Tucked discreetly around the next corner attitudes towards death were presented for debate. Considerately hidden between wooden panels at adult eye-height were artefacts and dialogues regarding disease, murder, suicide, sacrifice, infanticide, and timely death. Whilst not the most pleasant of topics, they are important issues, and I am grateful to the museum and exhibition curators for including this section. The most striking relic: the skeletal remains of a 13 to 14 week old human foetus, dated within the late 1900s. With its missing arm, eerie grin, and alien-shaped skull, this well preserved homunculus would have once been used as a training aid for future medical professionals.
Re-emerging into the light, the next section dealt with human remains, whilst displaying none. A glass cabinet boasted an odd assortment of artefacts normally buried alongside those who take their final rest beneath the ground. There was money, mostly from the east, to be spent in the afterlife, a pair of bright, high-heeled shoes for dancing with [the] god[s], and, the most unexpected of all: a mobile phone. This item, according to a funeral director interviewed for the exhibition, has become increasingly popular, just in case the departed need to get in touch post-burial… In Victorian times, a bell was commonly placed inside mausoleums; whilst the apparatus for communication has modernised with the times, an irrational fear that the living are mistakenly buried as dead has evidently not subsided.
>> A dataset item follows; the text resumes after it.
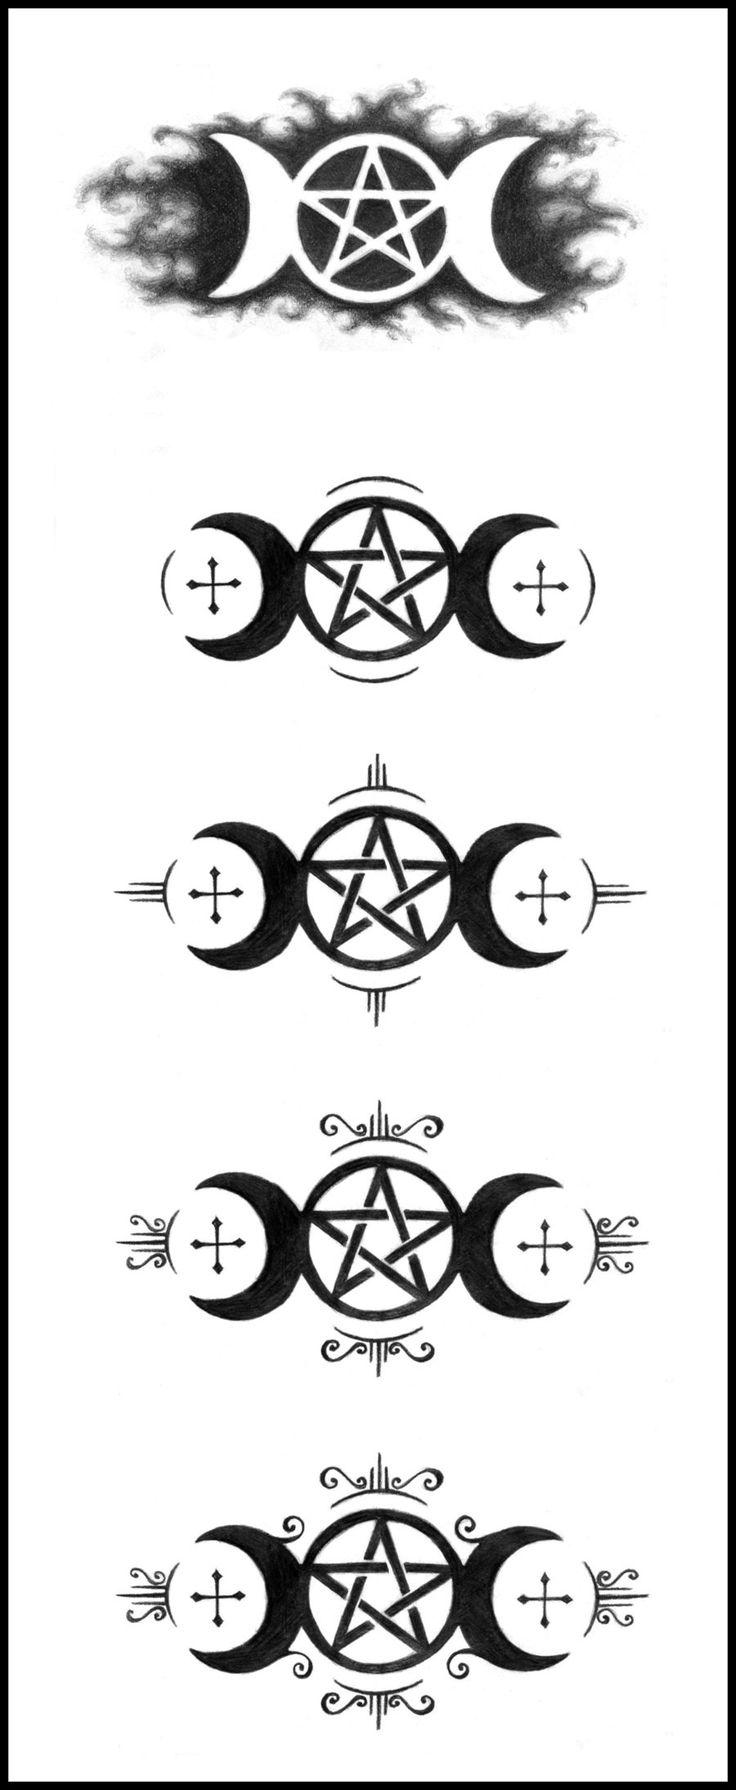 17 best images about tattoo ideas on pinterest triple goddess goddesses and symbols. Black Bedroom Furniture Sets. Home Design Ideas

In addition to an array of coffins and tombs, cremation urns were also included; the most interesting of which was a biodegradable urn, filled with seeds. The person’s ashes are placed into the urn, which is buried in fertile soul, and together they become new life in the form of a tree. Having read about the inception of these years ago, it was good to see this eco-friendly option available on the death market!
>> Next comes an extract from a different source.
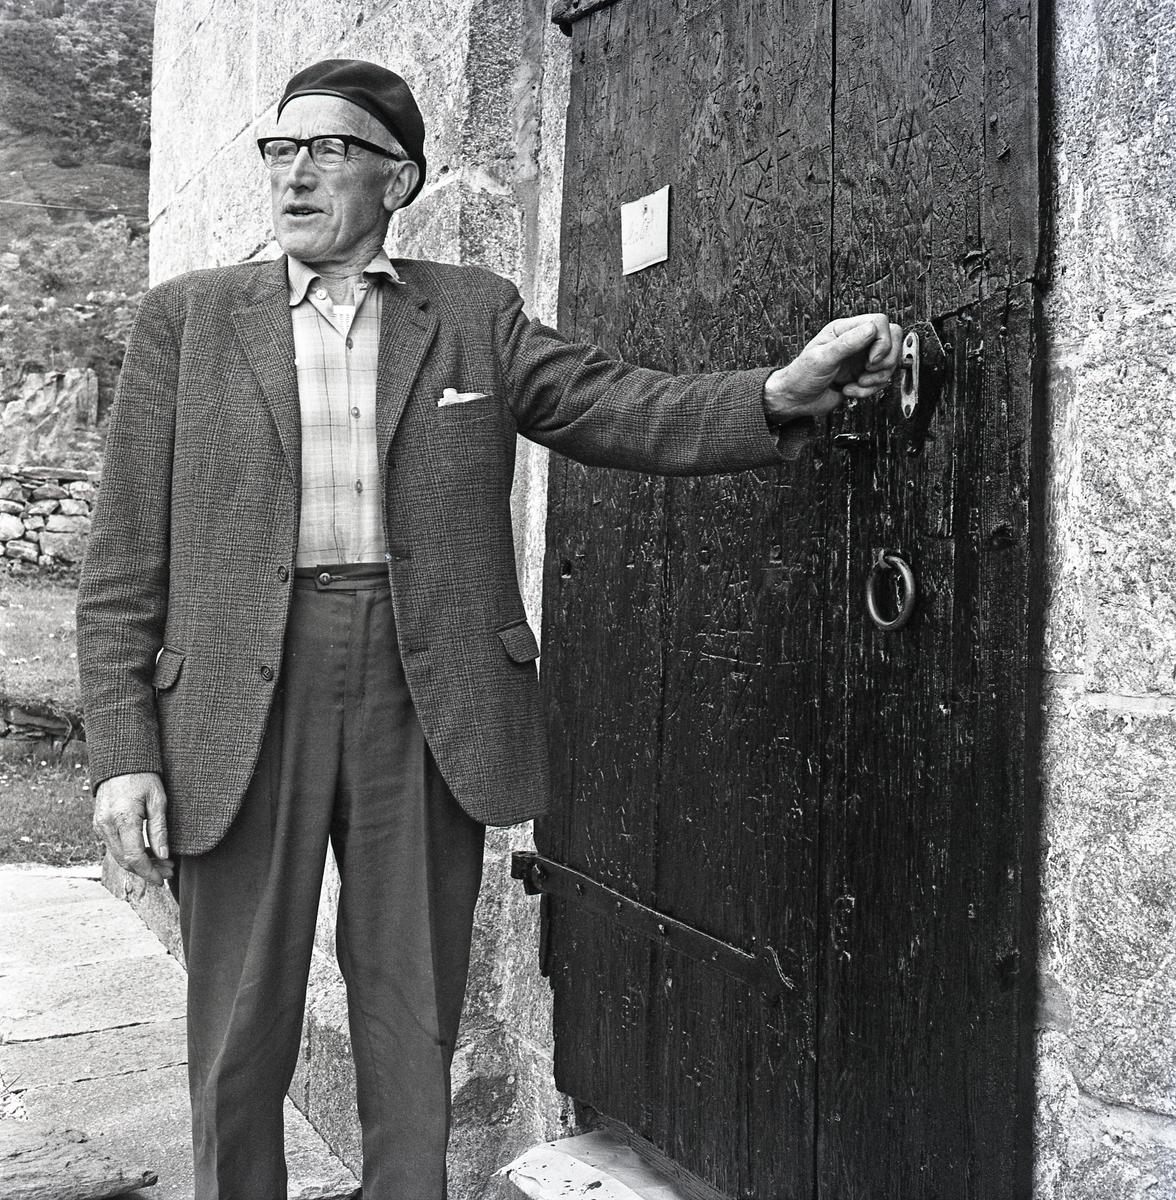 Bømlo - Gamle Moster Kirke - Tilsynsmann Eliot Mikalsen.

Also explored in this section were funeral traditions across the globe, which, by this point, I was unsurprised to learn are entirely varied. Many cultures mourn excessively, with extended periods of remembrance, and wearing black. Others treat one’s passing as cause to celebrate the life, rather than grieving the loss. In comparison to many, the English traditions seemed very formal and sombre, and I wondered if this was the cause or effect of our historically detached relationship with death.
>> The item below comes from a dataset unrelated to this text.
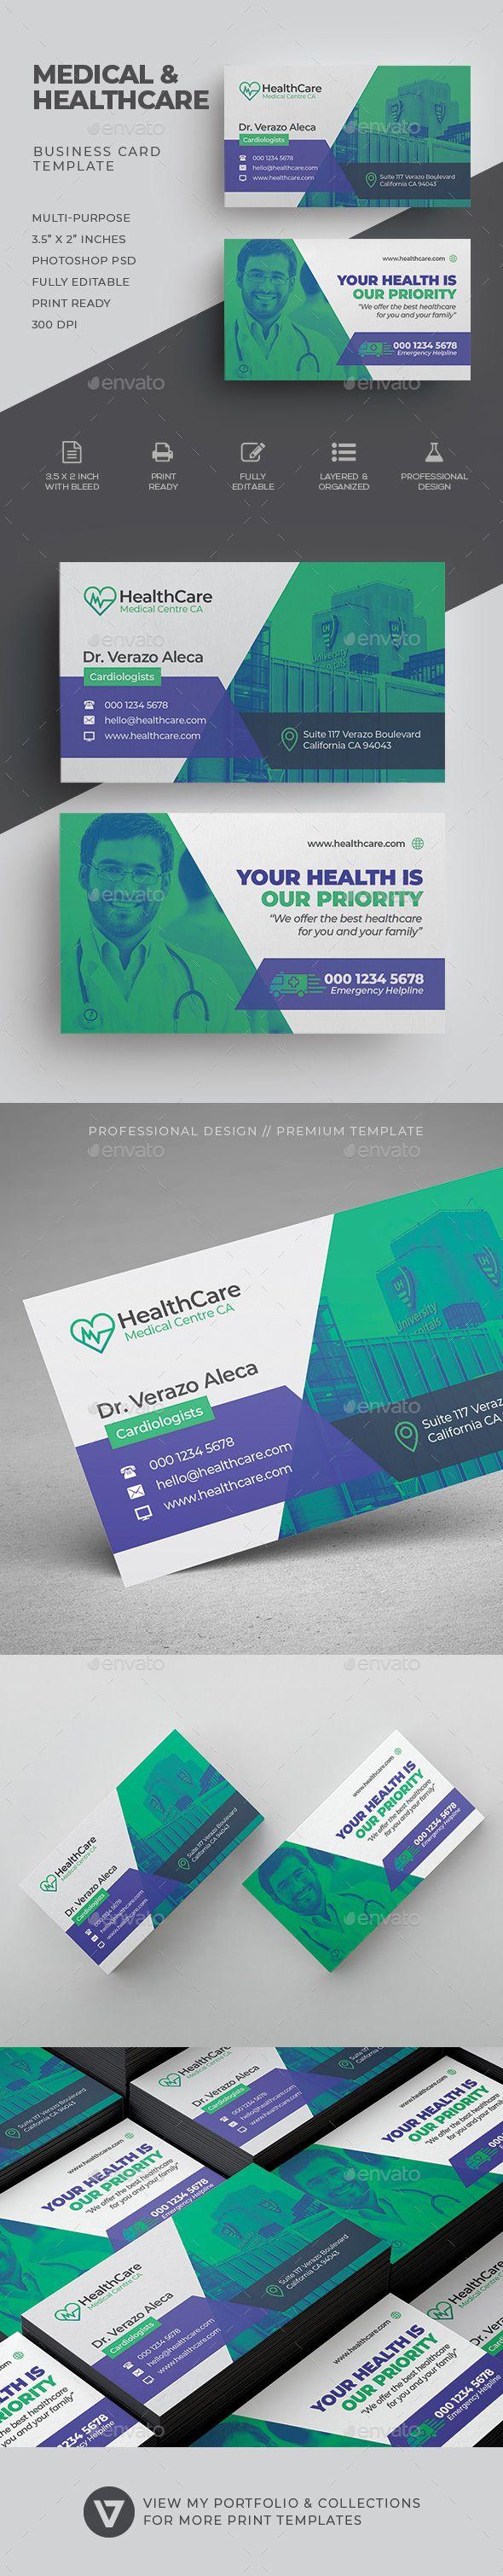 Medical Business Card Template | Medical business card, Medical ...

Around the final corner, again diverted from the main space, was a section on science and ethics, which offered the subject of euthanasia up for debate. Once again, I was glad that this difficult topic had not been omitted. With a lot to consider I stepped into the final, reflective space – a softly lit, calm area, filled with seating, notepads and reading material.
In ‘The Hour of Man’, nineteenth century historian Phillipe Ariè asserted that death had become “improper, like the biological acts of man.” He continued: “a new image of death is forming: the ugly and hidden death.” As evidenced by the first section of the exhibition, the English have forever explored the theme of death through art and mythology, but in practical terms, it is still commonly considered a taboo subject – one that is excluded from formal and cultural education. By shining a bright, unfaltering light on the subject, ‘Death: the Human Experience’ destigmatises Ariè’s “ugly and hidden”, exposing, instead, a universal, and ultimately final, event that affects every life at least once. I took many things from this fascinating exhibition, but most of all, that it is perfectly natural to talk about death.